Nova Scotians among first cannabis customers

Recreational cannabis is now legal in Canada and Maritimers were among the first Canadians to line up at marijuana retail stores early Wednesday morning.

Daniel Moore was the first person in line at the NSLC Cannabis store on Joseph Howe Drive at 7 a.m. He says purchasing pot at the NSLC was a different experience, but a positive one.

“Using debit to buy weed was different. That was pretty cool. You know, I’m used to paying with cash; as well as being taxed and getting a receipt,” said Moore. “There was quite a bit of selection, there’s a lot of different strains … it was different, but very exciting.”

Moore says he purchased a pack of five pre-rolls for $25 plus tax, which he believes is a fair price.

“The pricing is very similar to what you would have found in dispensaries. I didn’t mind the pricing at all,” he said.

The line continued to grow throughout the morning at Joseph Howe Drive, where police made a quick stop to remind customers not to smoke and drive. They didn’t stay long, but a security officer remained on scene to help with crowd control.

The store eventually became so full some customers had to wait outside until other customers had left, so as not to block any exits.

It was a similar scene at Nova Scotia’s only standalone pot shop on Clyde Street in Halifax.

Joseph Brown was the first person in line around 6 a.m. While the 23-year-old describes himself as a “light” cannabis user, he says it’s an historic day and he thought it was important to be first in line.

“I just wanted to be here. I think it’s like a big deal. It’s like an historical moment, right,” said Brown. “It should never have been illegal to begin with.”

The line continued to grow throughout the morning, with dozens of people eventually wrapped around the block as they patiently awaited the store’s opening at 10 a.m.

By 11 a.m., the Clyde Street location had sold $7,000 worth of cannabis.

NSLC spokesperson Beverley Ware says staff have been waiting for this day for months.

“This really is a momentous day for us and we’re pretty excited about it,” Ware told CTV Atlantic Wednesday morning. “As the employees are arriving they’re smiling, they’re excited … the employees have gone through their training, so now they want to get to work. They want to start meeting customers and getting chatting with them. They want to get moving on this.”

Security tight at Cannabis NB stores

In New Brunswick, most Cannabis NB stores opened at 10 a.m., but the two locations in Fredericton opened early at 8 a.m.

Security was strict, with two checkpoints located inside Cannabis NB stores. All customers were asked to show photo ID at the door. Those who didn't have a photo ID were turned away.

“There’s two checkpoints that you have to make it past before you even get into the store, and they’ve got three people monitoring you and making sure that you’re not going to break in and steal anything or there’s no children coming in,’ said one customer outside the Woodside Lane location. “You actually have to show your ID at the door, not at the cash register.”

The parking lot was full and there was a steady stream of people in and out of the Woodside Lane location Wednesday morning. Customers were seen leaving with plain white paper bags.

Only 35 to 40 people were allowed on the retail floor at one time, leading to long lineups out the door.

One buyer told CTV Atlantic he felt “different” waking up Wednesday morning while another commented that the products were reasonably priced and easy to purchase.

Maritime provinces adopt similar approach to pot

Nova Scotia, New Brunswick, and Prince Edward Island have all adopted a similar approach when it comes to selling cannabis.
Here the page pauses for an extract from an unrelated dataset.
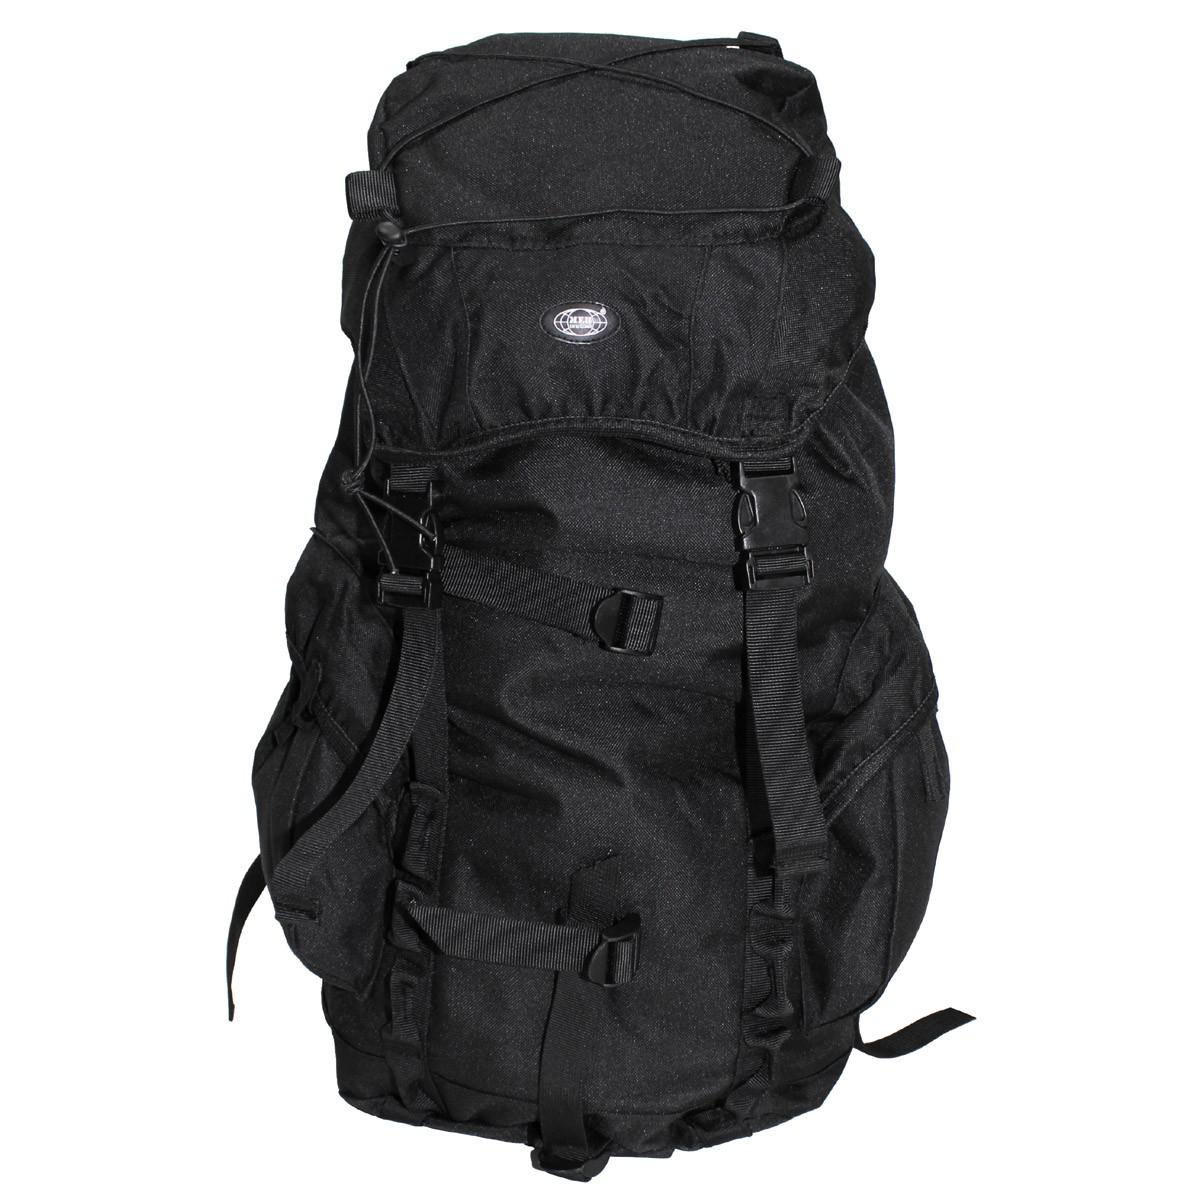 Batoh Recon 3 černý 35L

The legal age to purchase and consume pot is set to 19 in all three provinces and cannabis is being sold at government-run retail stores and online through the stores’ websites.

New Brunswick is selling marijuana at 20 standalone Cannabis NB stores across the province, while there are four standalone PEI Cannabis stores on Prince Edward Island.

Nova Scotia is selling cannabis through 12 select NSLC stores across the province. Only one of those shops – the Clyde Street location in Halifax - is a standalone pot shop. The 11 other NSLC Cannabis shops are located within existing NSLC stores.

While the NSLC Cannabis website is live, customers can’t place online orders without first obtaining an access code at an NSLC location.

Customers in New Brunswick and Prince Edward Island can place online orders through the Cannabis NB and PEI Cannabis websites.